Tanpa mengeluarkan sepatah kata, Dava mengerjakan tugas-tugas Cattleya. Sementara wanita itu tak berkutik, saat kedua lengan polos sang suami mengurungnya.

“Kalau udah ngantuk, jangan dipaksa. Yang ada, tugas-tugas kamu nggak bener lagi jadinya,” tuturnya setengah berbisik yang hanya ditanggapi kebisuan dari wanita tersebut. “Padahal tugasnya mudah banget,” tambahnya. Tak berniat menjawab, Cattleya lebih memilih memandangi jemari Dava yang bergerak cepat di atas keyboard laptop.

“Kenapa kamu terima lamaran saya?” tanya Dava tanpa mengalihkan atensi dari layar. Cattleya menoleh sesaat wajah sang suami yang berada di sebelahnya.

“Saya sendiri tidak tahu,” ujar wanita itu. Dava diam, masih belum mengalihkan jemari maupun netranya dari laptop.
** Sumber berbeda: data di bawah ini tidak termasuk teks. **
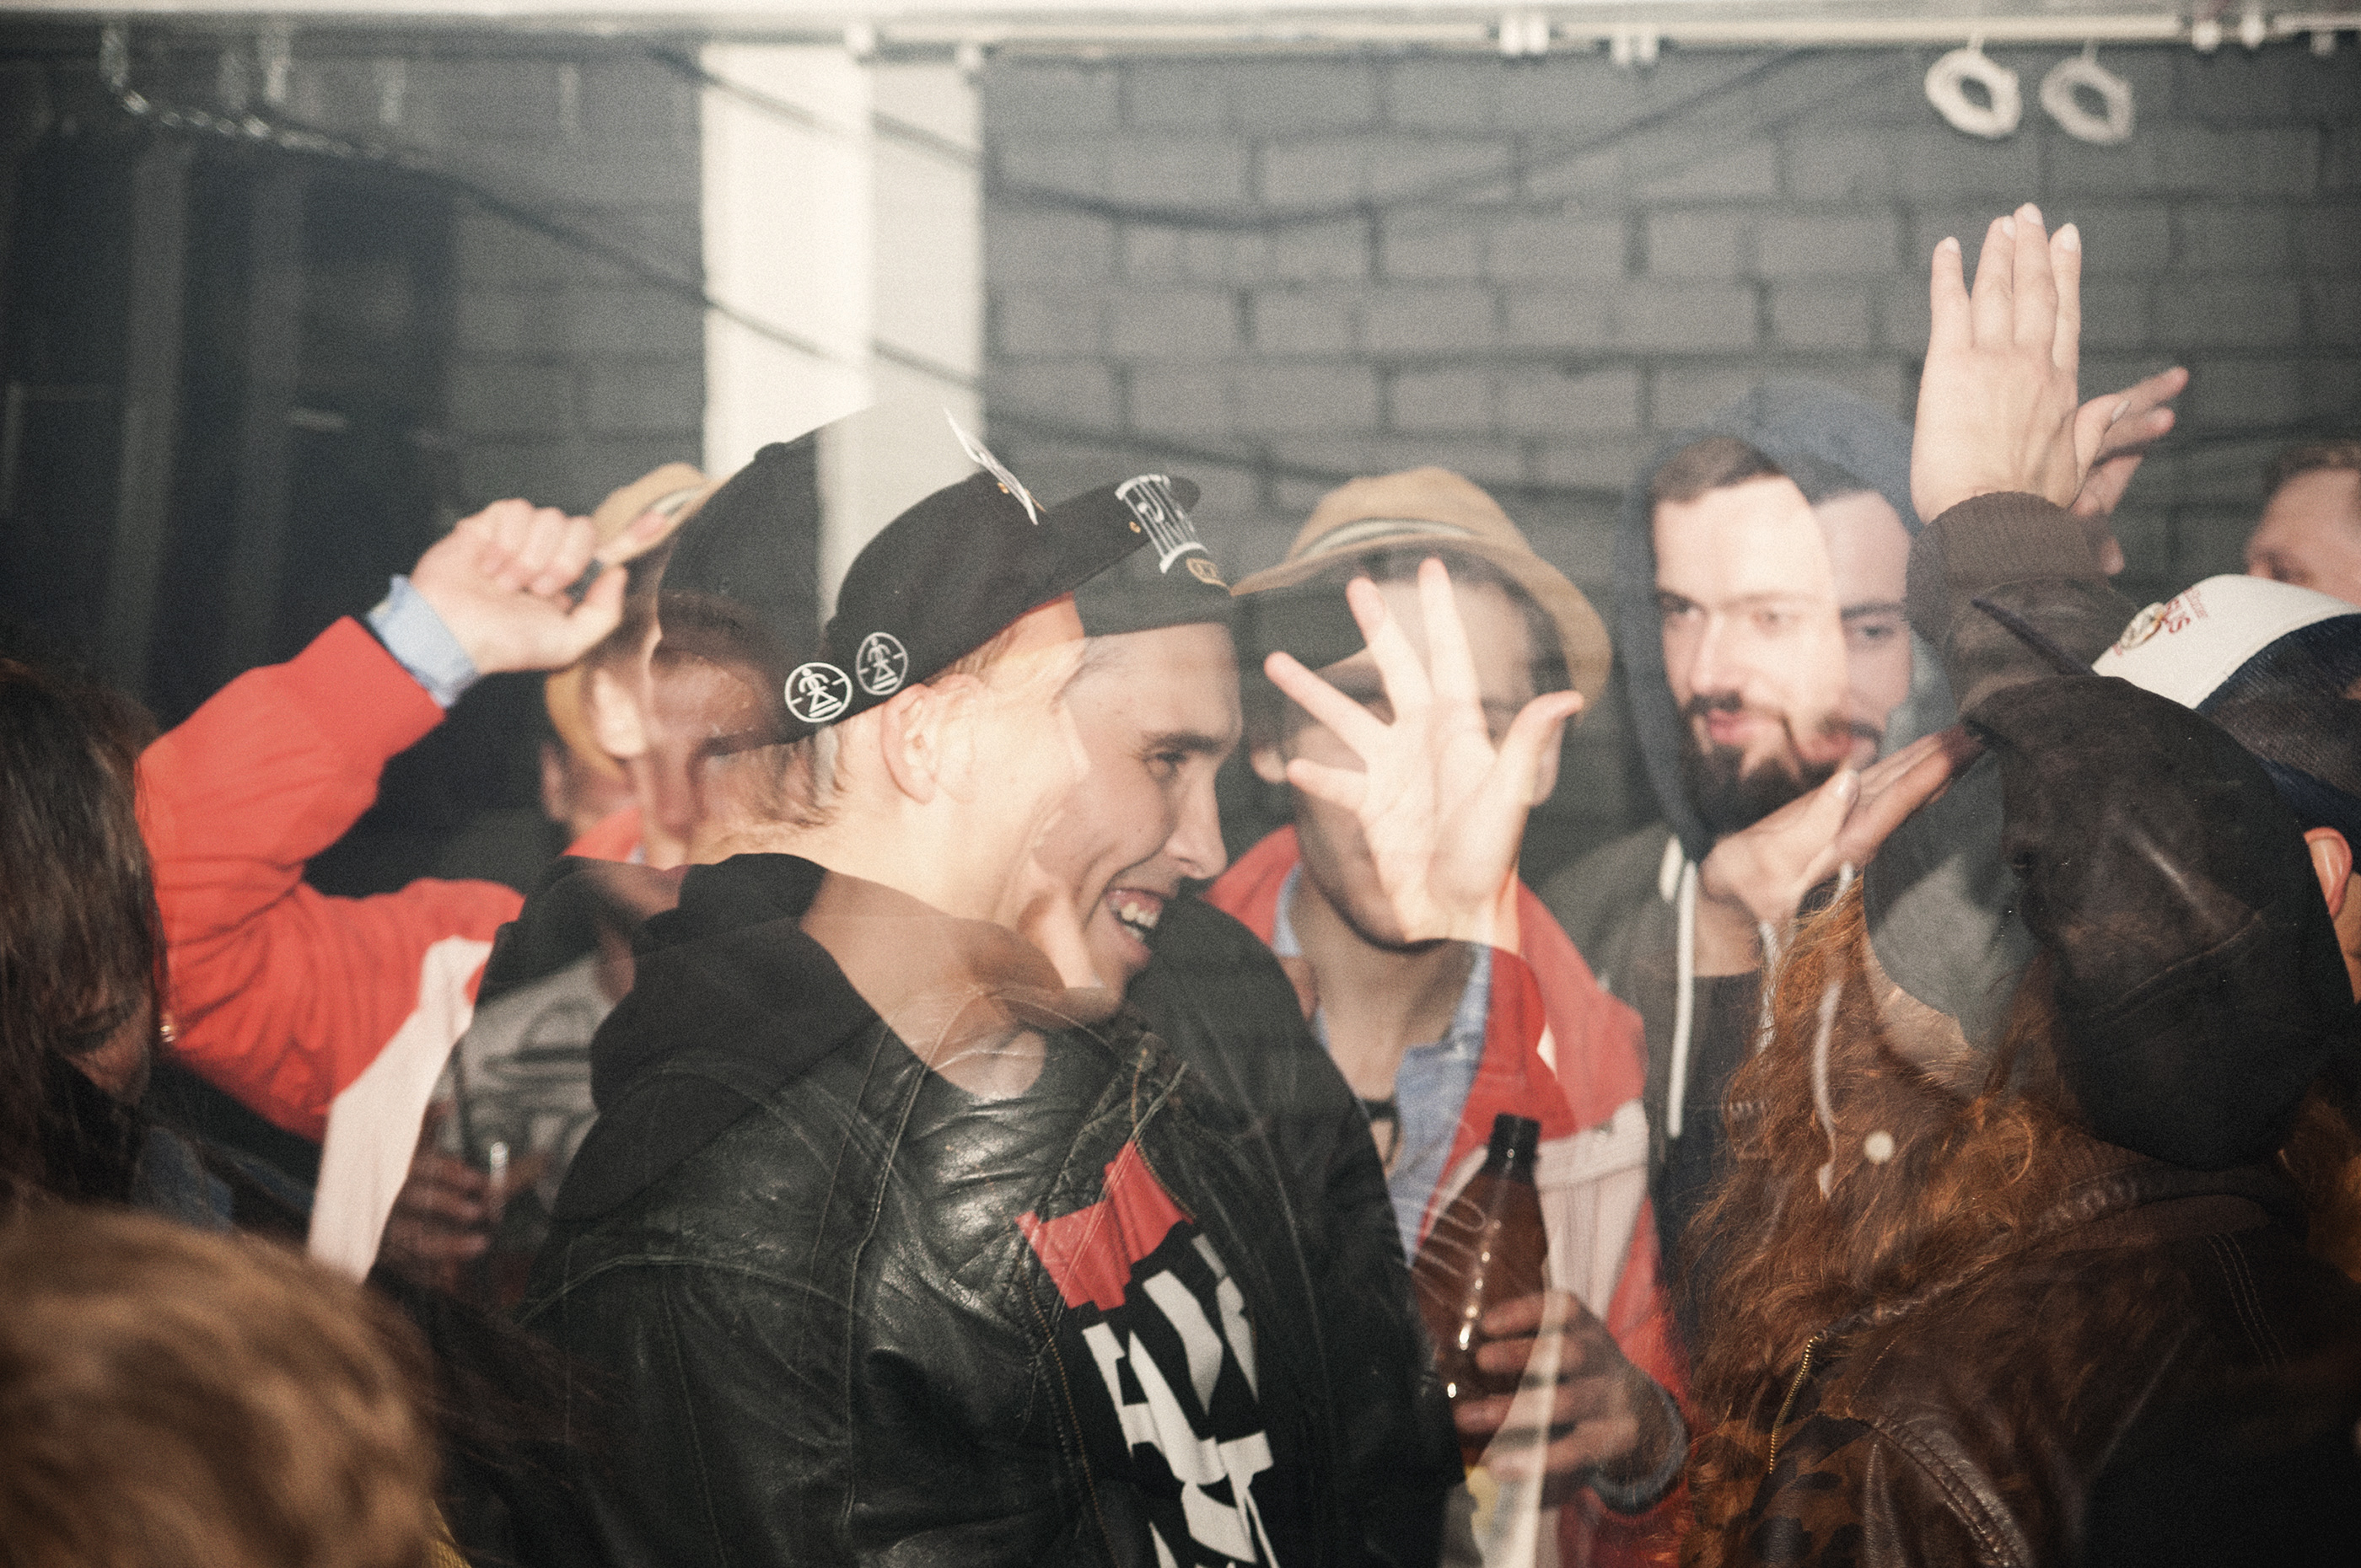 Party People on Behance

“Apa penting alasan saya melamar kamu?” tanya lelaki tersebut setelah beberapa detik membisu.

Cattleya bungkam. Tak kunjung mendapat jawaban dari sang istri, Dava memutuskan untuk berhenti sejenak lalu menoleh. Senyumnya mengembang, ketika mendapati istrinya ternyata tertidur dengan kepala tertunduk. Pelan dan hati-hati, ia meraih kaki Cattleya lalu menggendongnya ala bridal style menuju tempat tidur. Merebahkan tubuh wanita yang sudah pulas itu, mengecup keningnya lembut, kemudian menyelimutinya.

Cattleya memperhatikan kerumunan siswa-siswi berseragam putih abu-abu dari bangku yang terletak di lapangan basket, tak jauh dari papan informasi sekolah milik SMU yang berada satu gedung dengannya.

Raut cerah terpancar jelas di wajah para siswa yang kini menyandang status alumni. Kebahagiaan itu juga tercetak jelas di wajah pemuda yang sedang tersenyum lebar bersama sekelompok teman-temannya.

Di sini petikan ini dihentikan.